Larry, a 71-year-old retired insurance broker and Donald Trump fan from Alabama, was unlikely to run into liberal Emma, a 25-year-old graphic designer from New York City, on social media — even if they were both real.
Each is a figment of BBC reporter Marianna Spring’s imagination. She created five fake Americans and opened social media accounts for them, part of an effort to illustrate how misinformation spreads on sites like Facebook, Twitter and TikTok despite efforts to stop it, and how it affects American politics.
It has also left Spring and the BBC vulnerable to accusations that the project is ethically suspect for using false information to expose false information.
“We do it with very good intentions because it’s important to understand what’s going on,” Spring said. In a world of disinformation, “the United States is the most important battleground,” she said.
This spring’s reporting has appeared on the BBC’s newscasts and website, as well as the weekly ‘Americast’ podcast, the British take on news from the US. She started the project in August with the midterm election campaign in mind but hopes to keep it going until 2024.
Spring worked with the Pew Research Center in the US to create five archetypes. In addition to the very conservative Larry and very liberal Emma, there is Britney, a more populist conservative from Texas; Gabriela, a largely apolitical independent from Miami; and Michael, a black teacher from Milwaukee who is a moderate Democrat.
Using computer-generated images, she created accounts on Instagram, Facebook, Twitter, YouTube and TikTok. Accounts are passive, meaning her “people” don’t have friends or make public comments.
Spring, which uses five different phones branded with each name, tends to flesh out its “personalities.” For example, Emma is a lesbian who follows LGBTQ groups, is an atheist, takes an active interest in women’s issues and abortion rights, supports the legalization of marijuana, and follows The New York Times and NPR.
These “moves” are essentially bait to see how the social media companies’ algorithms stack up and what material is sent their way.
Through her following and likes, Britney was exposed as anti-vax and critical of big business, so she’s been sent down several rabbit holes, Spring said. The account has received material, some with violent rhetoric, from groups falsely claiming that Donald Trump won the 2020 election. She has also been invited to join people who claim that the Mar-a-Lago raid was “proof” that Trump won and that the state was out to get him, and groups supporting conspiracy theorist Alex Jones.
Despite efforts by social media companies to combat misinformation, Spring said there is still a significant amount that gets through, mostly from a far-right perspective.
Gabriela, the non-aligned Latina mother who has mostly expressed interest in music, fashion and how to save money when shopping, does not follow political groups. But Republican material is much more likely to appear in her feed.
“The best thing you can do is understand how this works,” Spring said. “It makes us more aware of how we’re being targeted.”
Most major social media companies ban impersonator accounts. Violators can be fired for creating them, although many circumvent the rules.
Journalists have used several methods to investigate how the tech giants work. For a story last year, the Wall Street Journal created more than 100 automated accounts to see how TikTok steered users in different directions. The nonprofit newsroom Markup created a panel of 1,200 people who agreed to have their browsers studied for details about how Facebook and YouTube worked.
“My job is to investigate misinformation and I create fake accounts,” Spring said. “The irony is not lost on me.”

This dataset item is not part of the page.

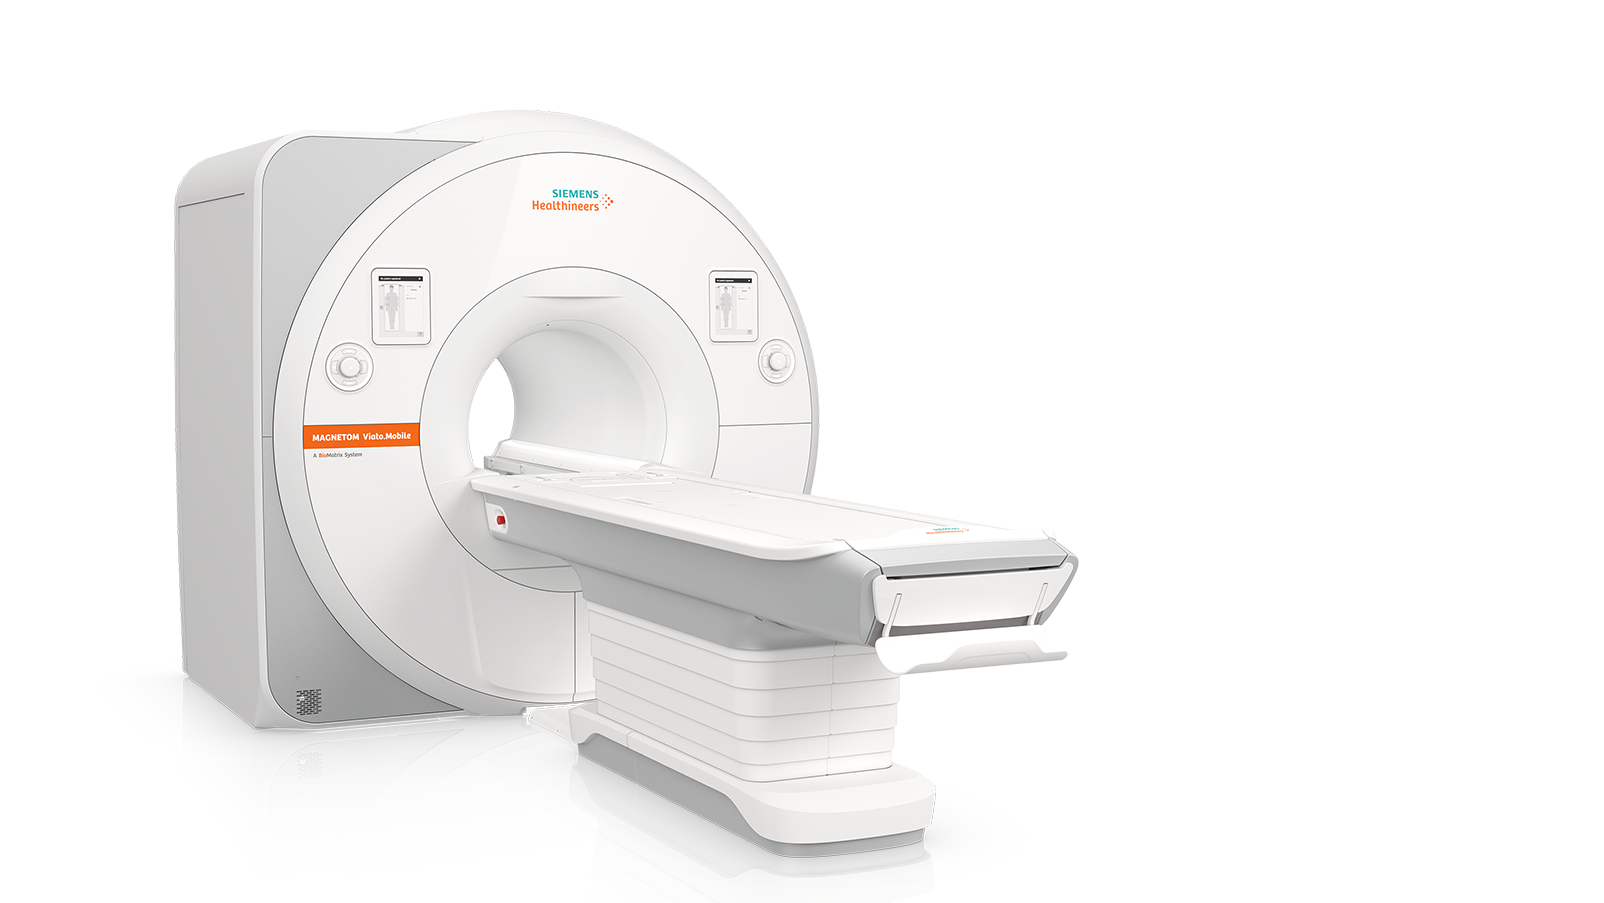 Siemens MRI Scanner Mastery: Advancing Precision and Performance in Medical Diagnostics

She’s obviously creative, said Aly Colon, a professor of journalism ethics at Washington & Lee University. But what Spring called irony bothers him and other experts who believe there are superior ways to report on this issue.
“By creating these false identities, she’s violating what I think is a pretty clear ethical standard in journalism,” said Bob Steele, a retired ethics expert for the Poynter Institute. “We should not pretend to be anyone but ourselves, with very few exceptions.”
Spring said she believes the level of public interest in how these social media companies operate outweighs the scams.
The BBC experiment may be valuable, but shows only part of how algorithms work, a mystery that largely eludes people outside the tech companies, said Samuel Woolley, director of the propaganda research lab at the Center for Media Engagement at the University of Texas.
Algorithms also take cues from comments people make on social media or in their interactions with friends – both things the BBC’s fake Americans don’t, he said.
“It’s like a journalist’s version of a field experiment,” Woolley said. “It runs an experiment on a system but it’s quite limited in its rigor.”
From Spring’s perspective, if you want to see how an influence operation works, “you have to be on the front lines.”
Since launching the five accounts, Spring said she logs in every few days to update each one and see what they’re being fed.
“I try to make it as realistic as possible,” she said. “I have these five personalities that I have to live in at any given time.”